Example 2.4 Trusty Enterprises lodged its June 2008 quarterly business activity statement reporting GST of $50,000 on its sales and input tax credits on creditable acquisitions of $80,000. It was issued a refund of $30,000 on 20 July 2008.On 15 November 2012, the Commissioner found that that Trusty Enterprises' correct amount of GST payable on sales for the June 2008 business activity statement was $55,000 and it should only have received a refund of $25,000.Under the four-year time limit, Trusty Enterprises is not required to repay, and the Commissioner can not recover, the excess amount which was incorrectly refunded because it is more than four years since the amount of overpaid refund was due and payable.

Four-year time limit on refunds due to taxpayers

2.21 Under the indirect tax law there is also a four-year time limit, starting from the end of the relevant period, on the entitlement of taxpayers to refunds and credits, unless before the end of the four-year time limit the taxpayer notifies the Commissioner of their entitlement to a refund or credit or the Commissioner notifies taxpayers of their entitlement.

2.22 The time limit does not apply to claims for input tax credits or fuel tax credits if the credits are taken into account in working out the net amount or net fuel amount or overpaid refund, which the Commissioner can recover from the taxpayer because the payment of the liabilities was avoided by fraud or evasion. [ Schedule 2, Part 1, item 9, paragraph 105 - 55(1 )( c )]

2.23 Examples where a refund or credit may arise for a taxpayer include:

·
where the net amount relating to indirect taxes or net fuel amount for a tax period is less than zero;
·
additional claims for input tax credits;
·
where the original net amount relating to indirect taxes or net fuel amount for a tax period is more than zero which resulted in the taxpayer having a liability but the liability is reduced by one or more later amendments to their business activity statement;
·
where the net amount relating to indirect taxes or net fuel amount for a tax period is less than zero and the refund amount is increased;
·
overpaid GST on taxable importations.

2.24 The four-year time limit on the payment of refunds to taxpayers applies irrespective of how the entitlement to the refund arises. Therefore the four-year time limit on refunds applies, for example, where there is a reduction in a taxpayer's liability.
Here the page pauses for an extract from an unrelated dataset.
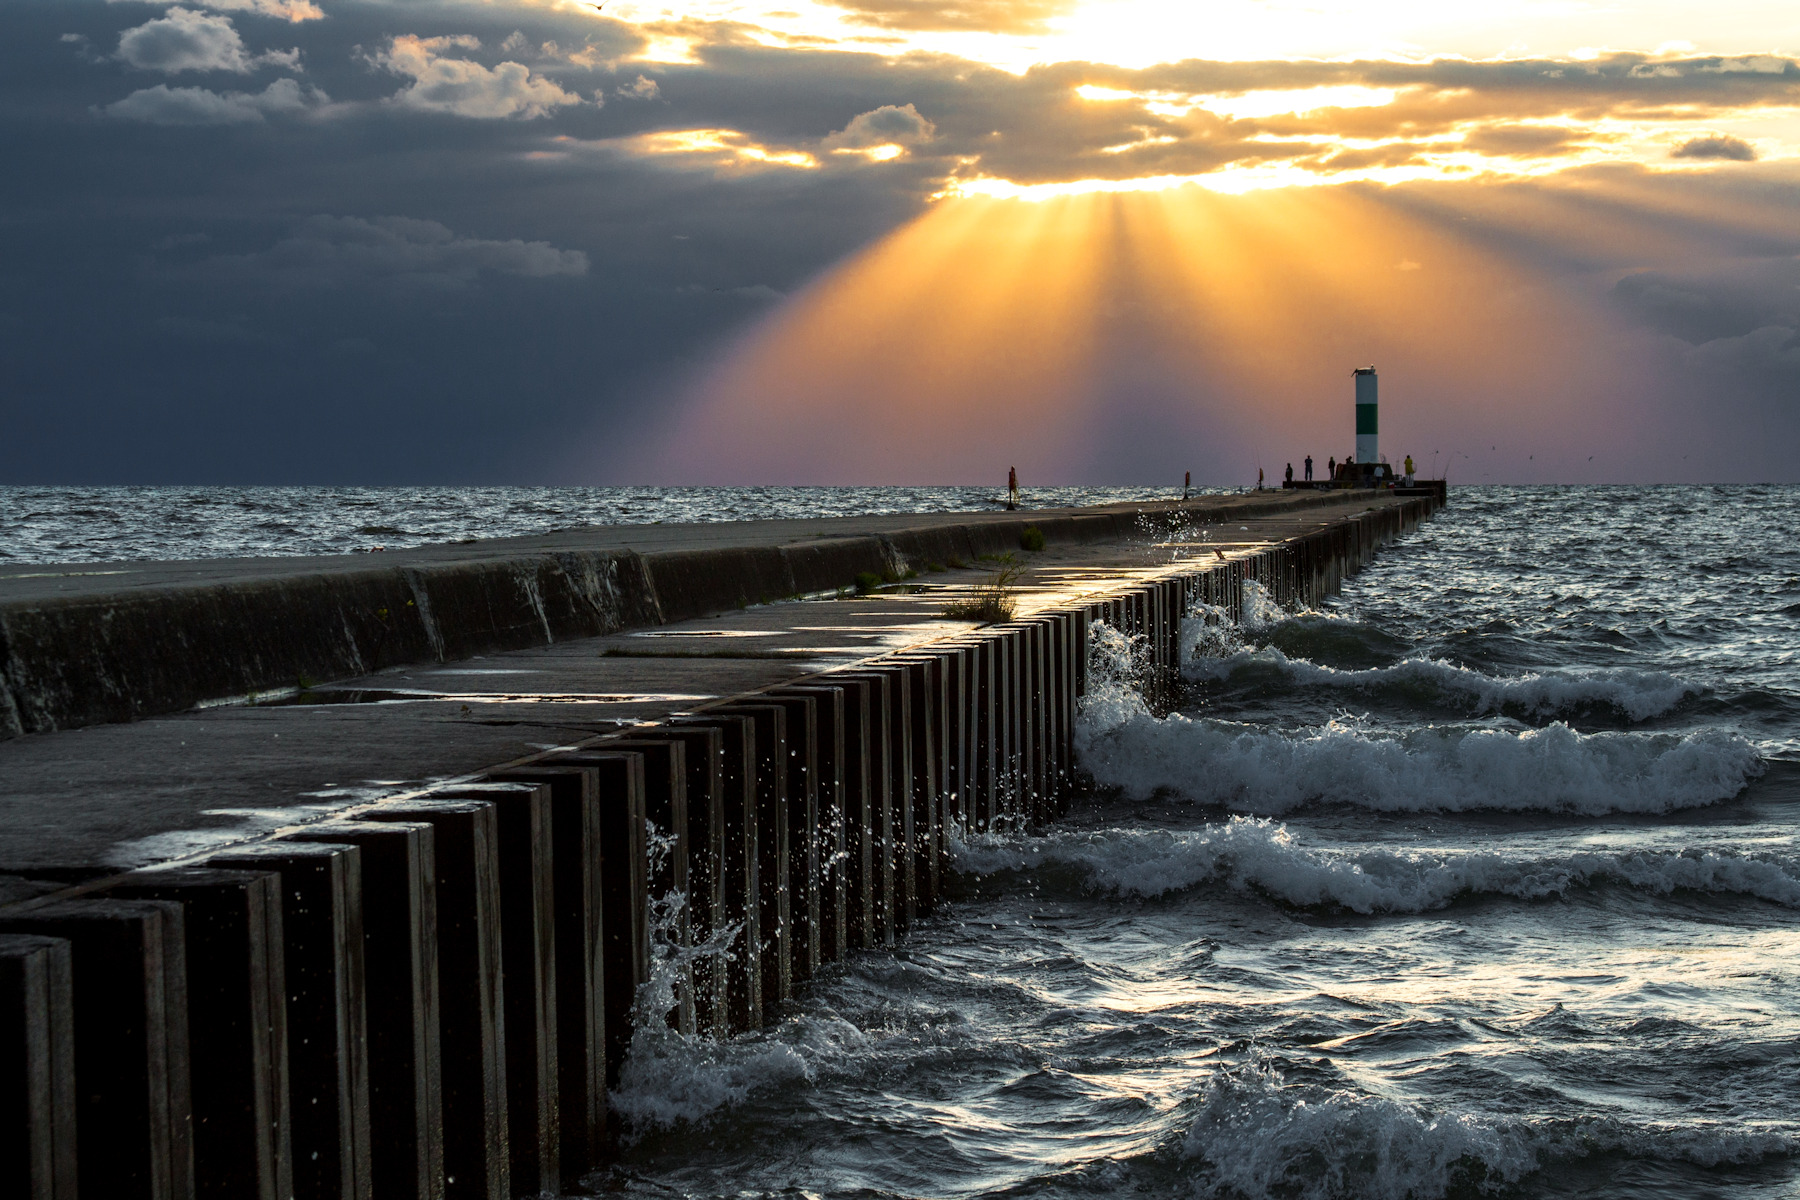 North Pier Image by Bob Walma

These amendments achieve this by ensuring that the time limit applies to any refund of a net amount or net fuel amount or other amount or payment that was overpaid as indirect tax. [ Schedule 2, Part 1, items 7 and 8, 10 to 12 and 15, paragraphs 105 - 55(2 )( a ), ( 2 )( aa ) and ( 3 )( c )]

Example 2.5 Mark Enterprises lodged its June 2008 quarterly business activity statement reporting GST of $50,000 on sales and input tax credits of $30,000 on creditable acquisitions and remitted $20,000 to the Commissioner on 28 July 2008.On 15 November 2012, Mark Enterprises realised that it made an arithmetic error and the correct amount of GST payable on its sales was $45,000 and the net amount payable was $15,000. Mark Enterprises seeks to claim a refund of $5,000 for the amount of overpaid GST.Mark Enterprises is not entitled to a refund because four years have elapsed since the end of the June 2008 tax period.

Application and transitional provisions

2.25 The amendment made to the restriction on GST refunds applies for tax periods starting on or after 1 July 2008. Therefore to the extent that an overpayment of GST is related to a tax period commencing on or after 1 July 2008, these amendments apply. [ Schedule 2, Part 2, item 18 ]

2.26 The amendment to the four-year time limits for liability and refunds applies on and after 1 July 2008. Accordingly, a four-year time limit applies in all cases (except fraud or evasion) where on and after 1 July 2008:

·
the Commissioner notifies a taxpayer of a liability; or
·
a taxpayer notifies the Commissioner or the Commissioner notifies the taxpayer, of an entitlement to a refund or credits.

[ Schedule 2, Part 1, item 16 ]

2.27 These amendments apply from 1 July 2008 to ensure that the deficiencies in the law are addressed as soon as possible. Applying these amendments from the start of the monthly, quarterly and annual tax periods also minimises any taxpayer compliance impacts from these amendments.